I've never been able to remove the spout from my portafilter, which I really would like to do just to ensure I have everything as clean as possible.

It's either on there extremely tight or its not removable. As I mangled a steam tip previously I'm not keen on exerting more force and destroying or scratching my portafilter.

Has anyone been able to remove theirs? Advice appreciated.


----------



## DoubleShot (Apr 23, 2014)

@garydyke1

Believe he did and replaced them with some other double open spout ones. Perhaps can shed some light on this for you?


----------



## espressotechno (Apr 11, 2011)

The spout has probably been factory fitted with threadseal.

So: PF body wrapped with rag, in big engineering vice. Then use a very large (adjustable) spanner to loosen the spout.

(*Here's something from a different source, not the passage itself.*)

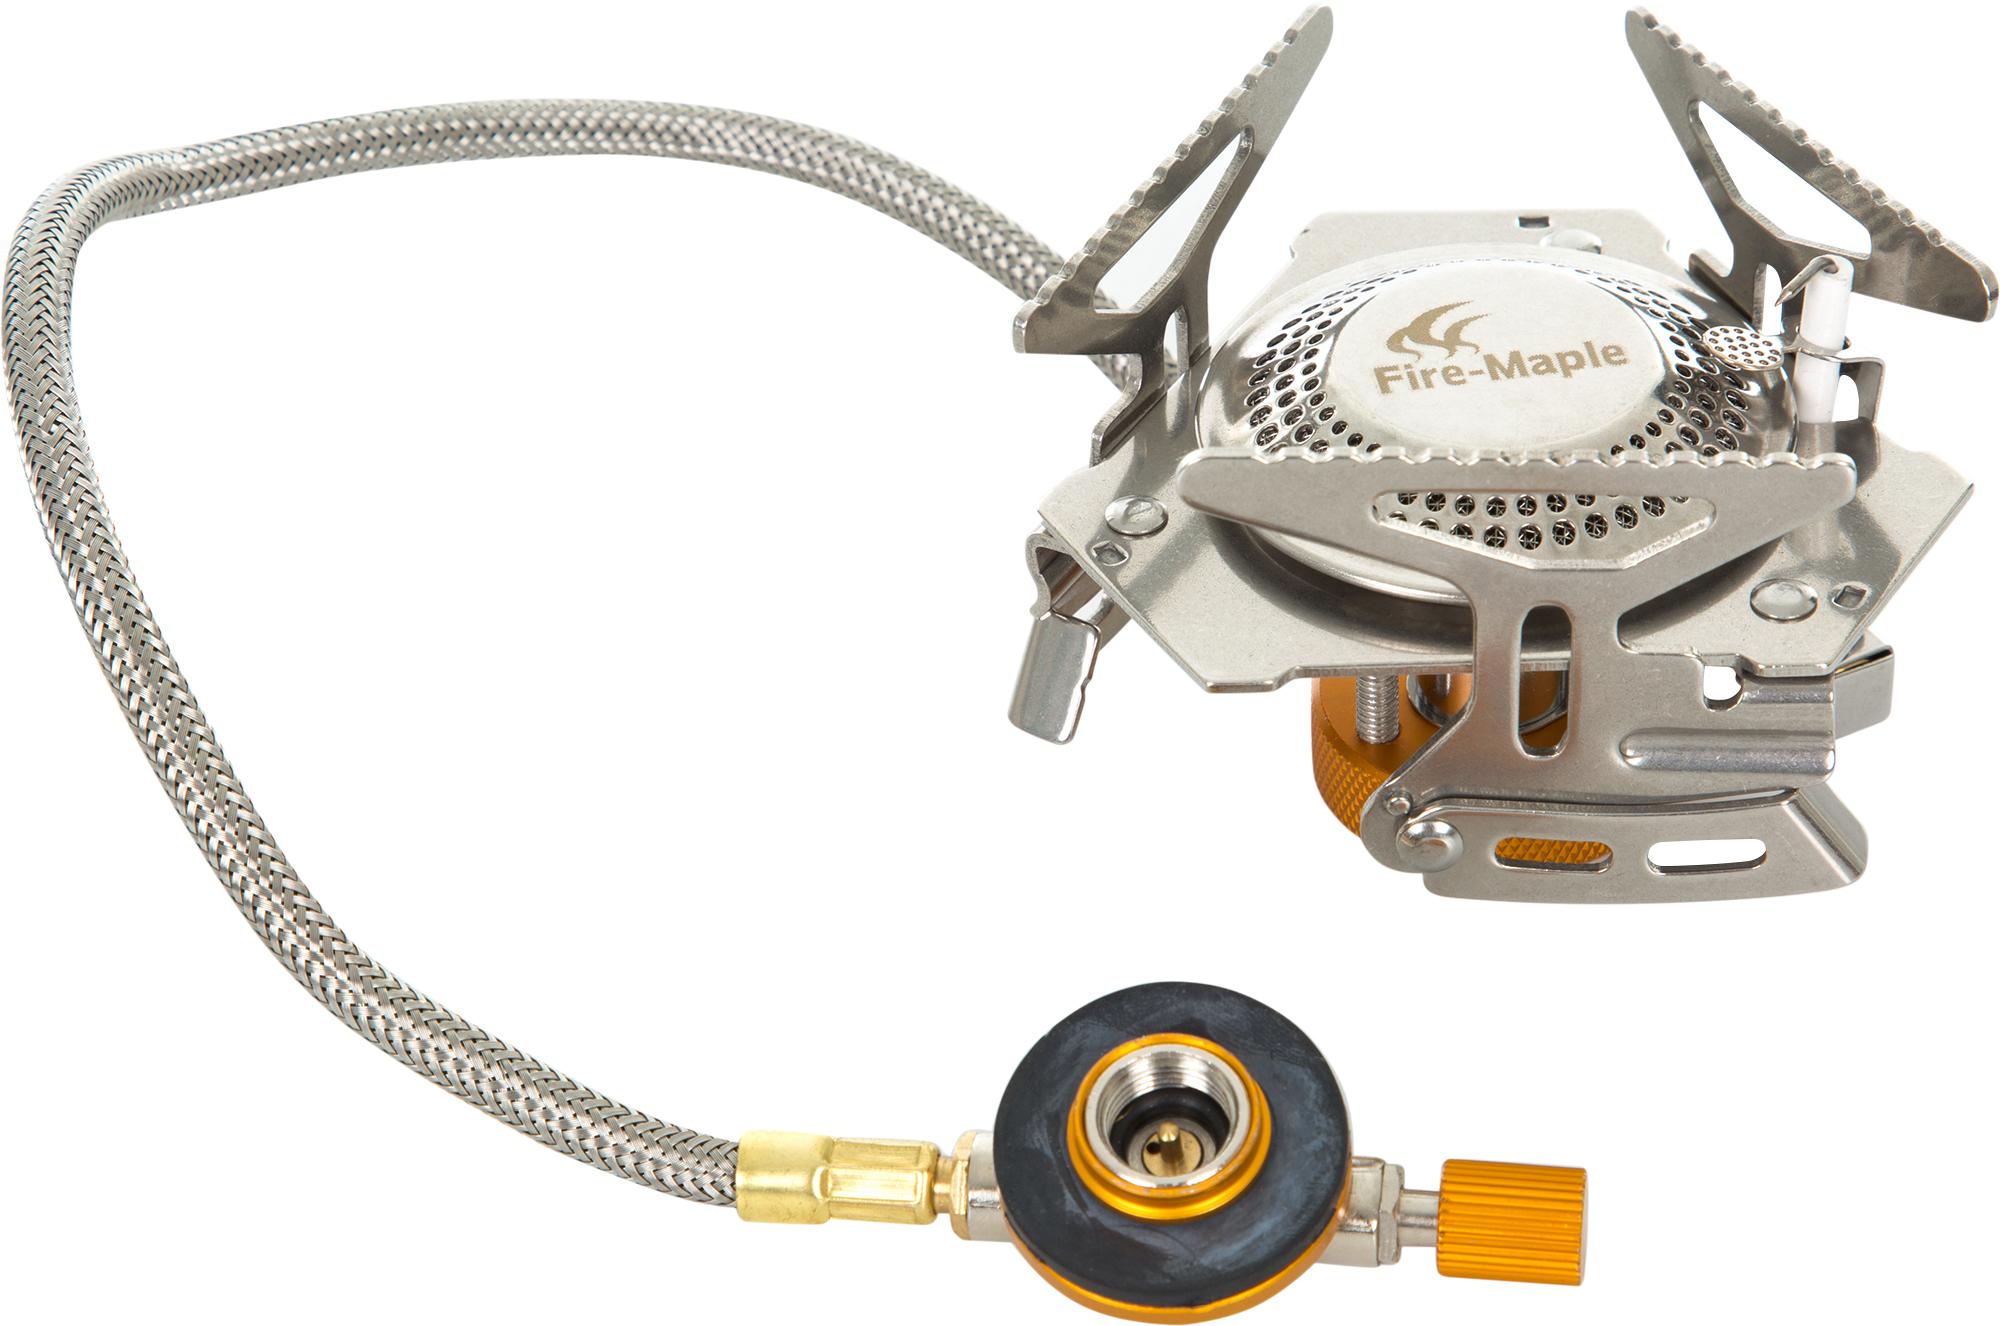 Fire-Maple Газовая горелка Fire-Maple FMS-105
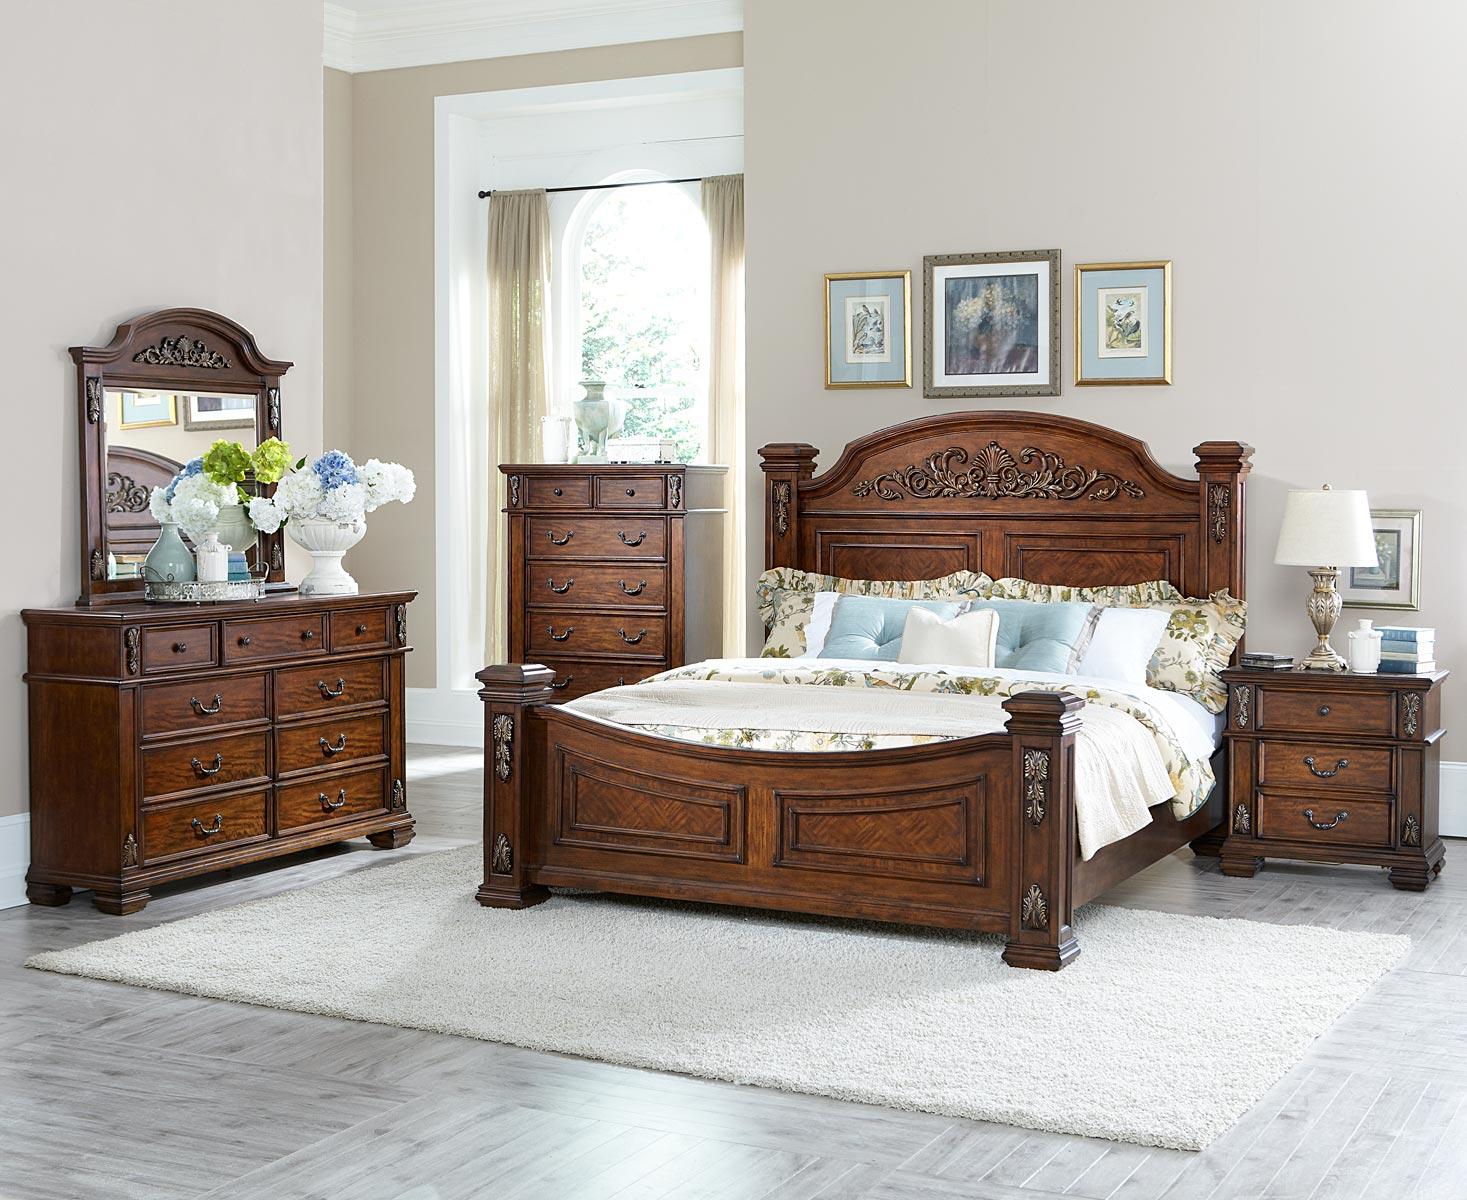 Homelegance Donata Falls Bedroom Set - Warm Brown

When refitting use PTFE tape to give flexibility in aligning the spout.

*OR:* Just soak the complete PF in Pulycaff & use a pipecleaner or rat-tailed brush to winkle out any stale gunge fro the spout.....


----------



## garydyke1 (Mar 9, 2011)

I'd replied earlier but it didn't work for some reason .

Dip the spouts in boiling water. Wrap a screwdriver in kitchen roll, feed through spouts , use brute force . Should undo.

La Spaziale or Nuova Simonelli spouts will fit with a shim / spacer


----------